Ajoutons-y un peu de sexe, sans trop de subtilité (S.E.X.) ou d’humilité (« I’ll make this the best night of you life » dans Best Night). On n’est pas là pour tricoter des bonnets, après tout.
Phénomène plus récent dans la discographie de Madonna, le besoin de s’affirmer comme étant la tôlière, la patronne, la cheffe, la reine… Bref, la plus grande :
She’s Not Me dans Hard Candy : jamais, ô grand jamais, d’autres n’aurons sa saveur. S’habiller comme elle, se comporter comme elle ou essayer de la remplacer n’y fera rien. Un texte à double lecture, pour un ex-amoureux ou des fans tourné vers une rivale-Canada Dry.
Cette deuxième lecture l’emportera en live : Lady Gaga plagierait Express Yourself dans Born This Way ? Madonna fait un medley des deux chansons et finit par She’s Not Me. Effet garanti.
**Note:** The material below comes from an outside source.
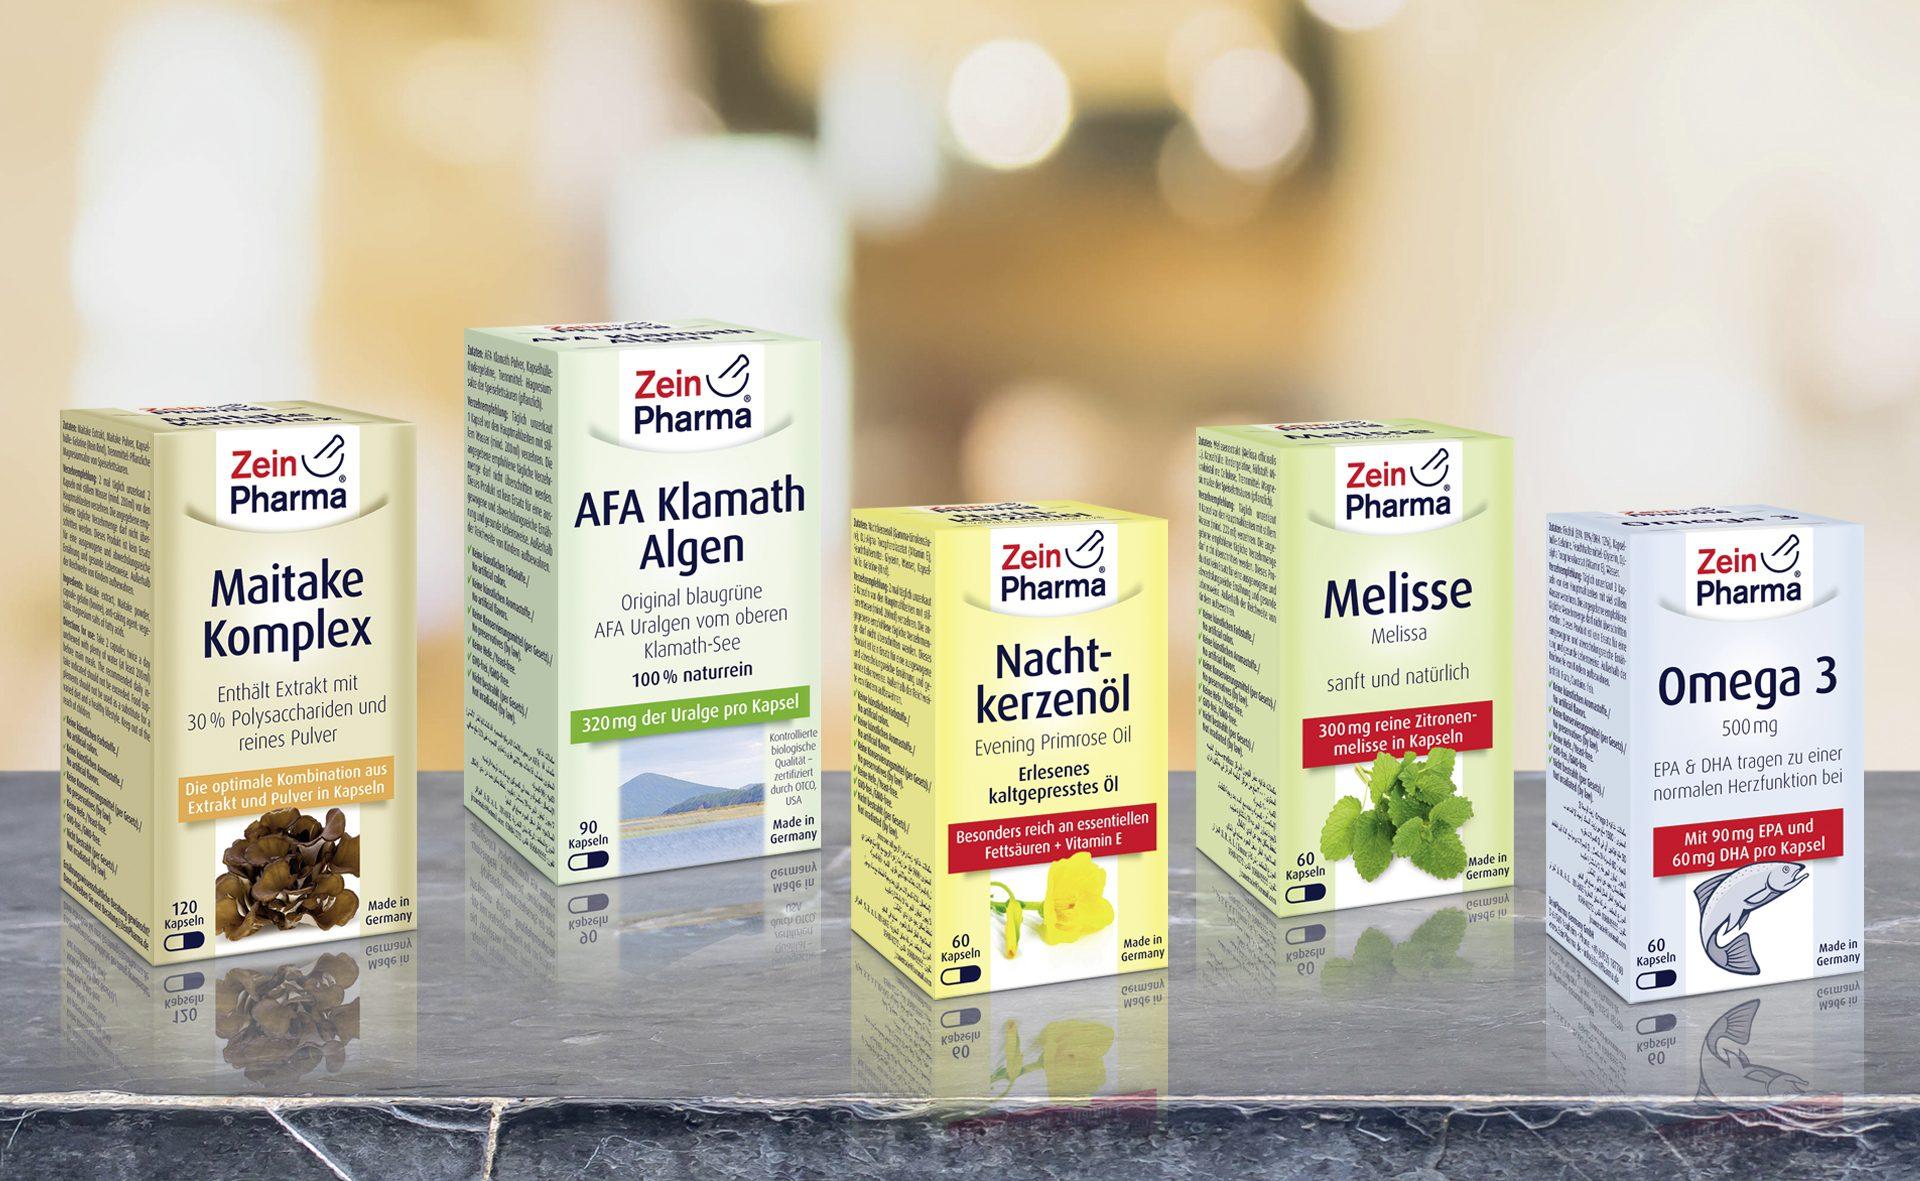 Verpackungsdesign Malvega - Referenz: Zein Pharma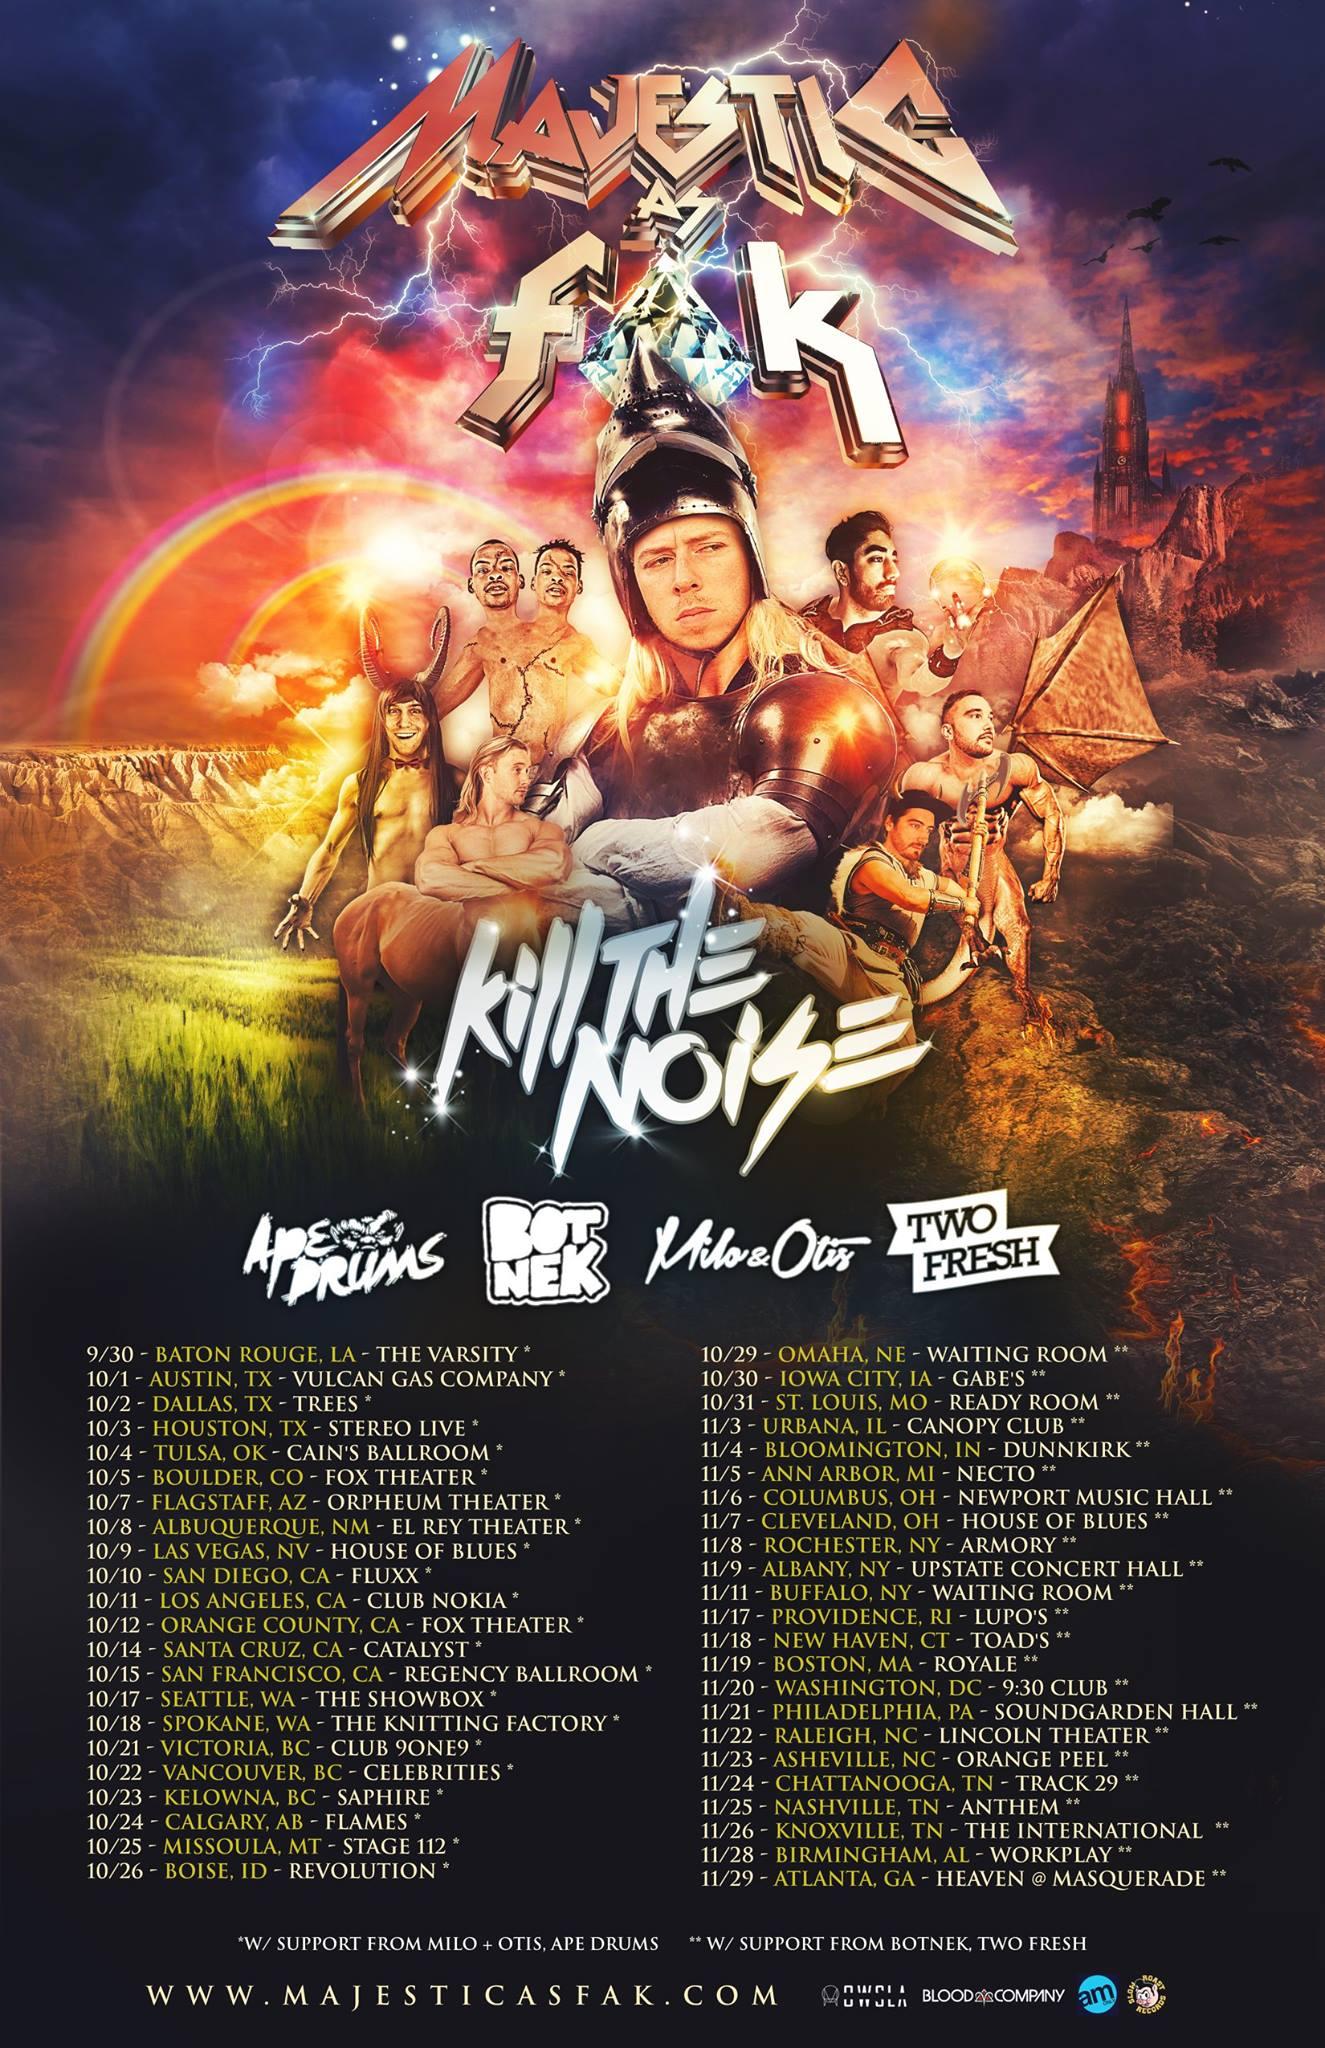 Kill The Noise's Majestic As Fak tour poster

Dans la même veine, Nicky Minaj lance « There’s only one queen, and that’s Madonna, Bitch » dans I Don’t Give A (MDNA). Pour enfoncer le clou, nous aurons Bitch, I’m Madonna dans le nouvel album, au cas où on n’aurait pas compris.
Madonna préconise l’émancipation de tout complexe, l’affirmation de soi, la réalisation des rêves. Tout le monde est (ou peut devenir) exceptionnel. Ainsi, dans Rebel Heart, Madonna nous délivre deux mantras de winners : Iconic et Illuminati. Franchissons le pas, disons-nous que si elle nous livre ses recettes, c’est qu’elle a bien dû se les appliquer, non ? Elle doit donc se prendre pour une icône (c’est pas faux) ou une Illuminati. Bref, un melon comme une citrouille et un égo surdimensionné. Décomplexée et désinhibée, quoi. C’est aussi pour ça qu’on l’aime.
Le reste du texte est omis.